**** DATASET EXTRACT ****

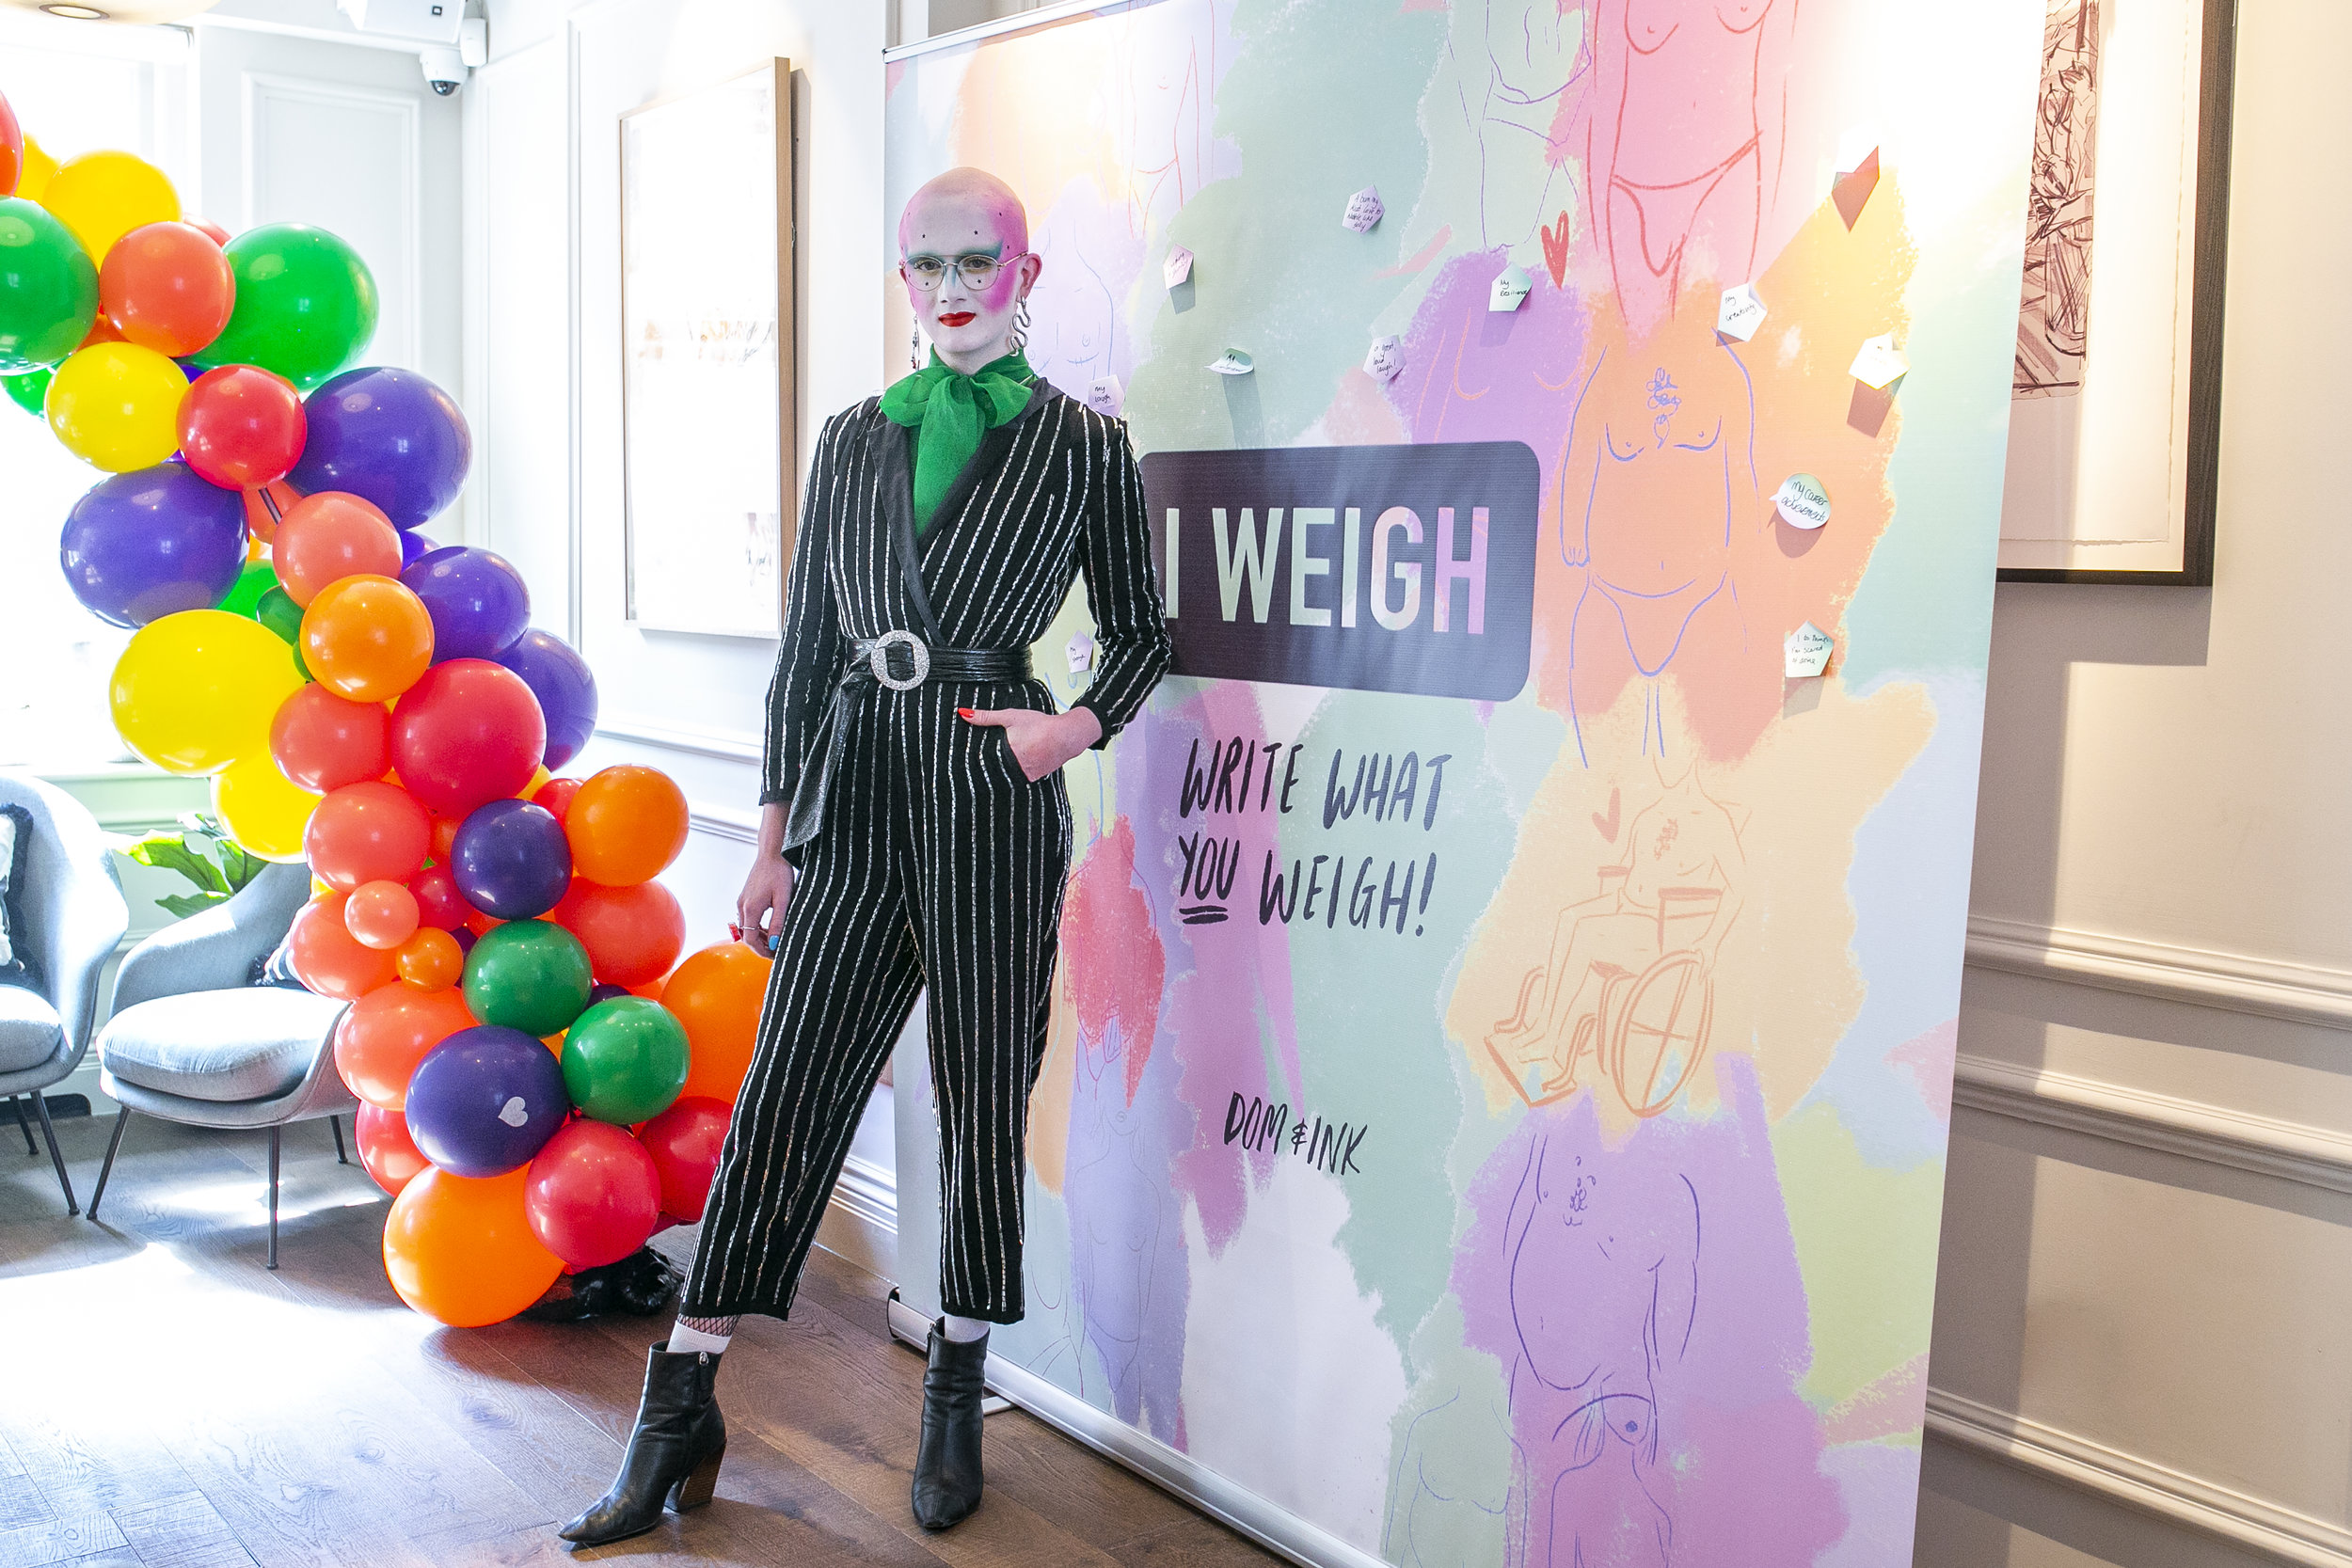 I Weigh 63_High Res.jpg
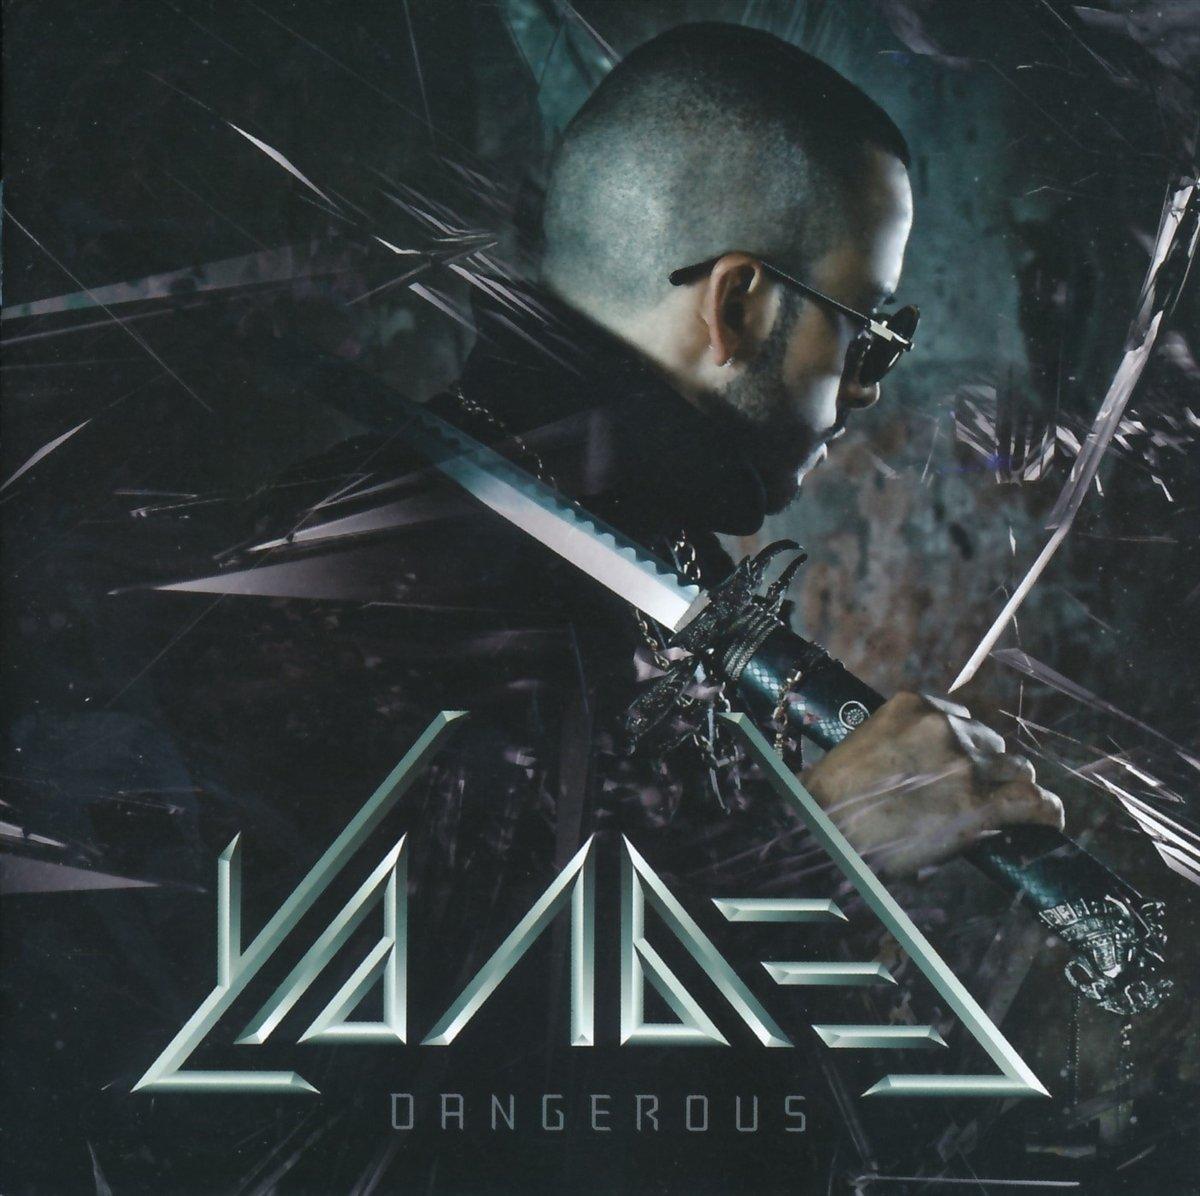 CD : Yandel - Dangerous (CD)
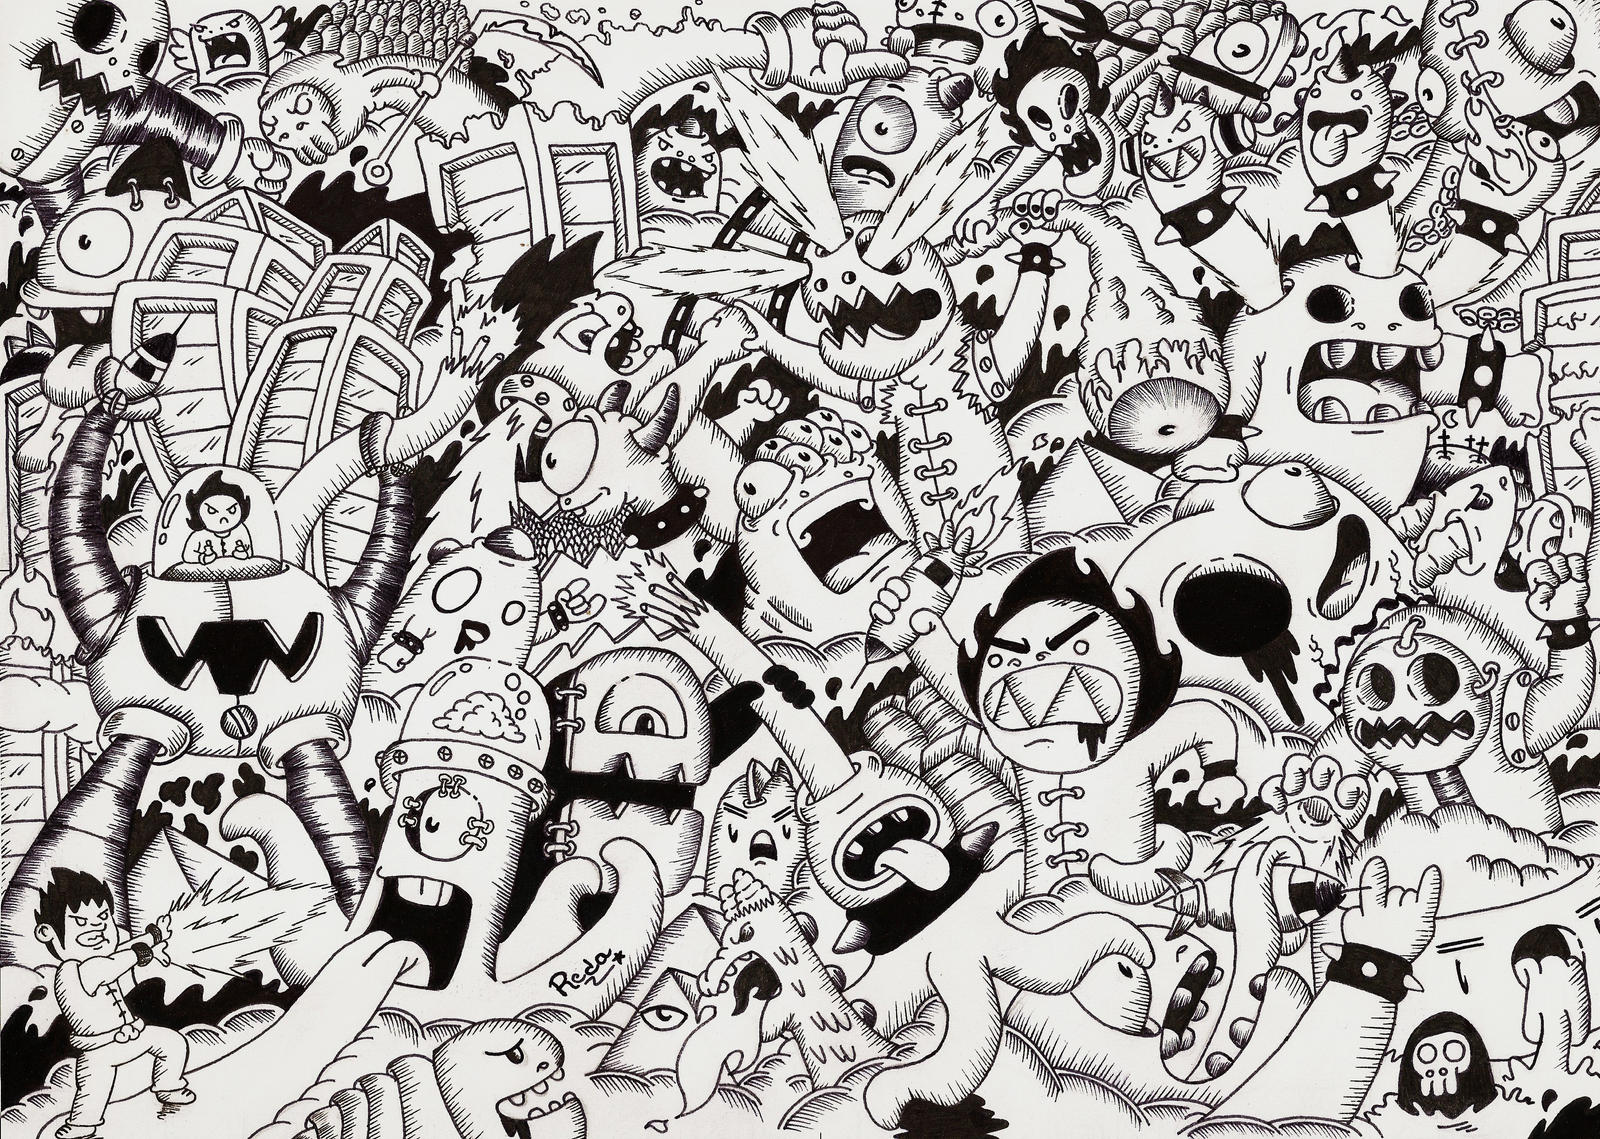 Doodle war by RedStar9...

****

→ WORK TASK
Omit the pictures, and quote the material above exactly as given.

→ EXERCISE RESPONSE
 I Weigh 63_High Res.jpg
 CD : Yandel - Dangerous (CD)
 Doodle war by RedStar9...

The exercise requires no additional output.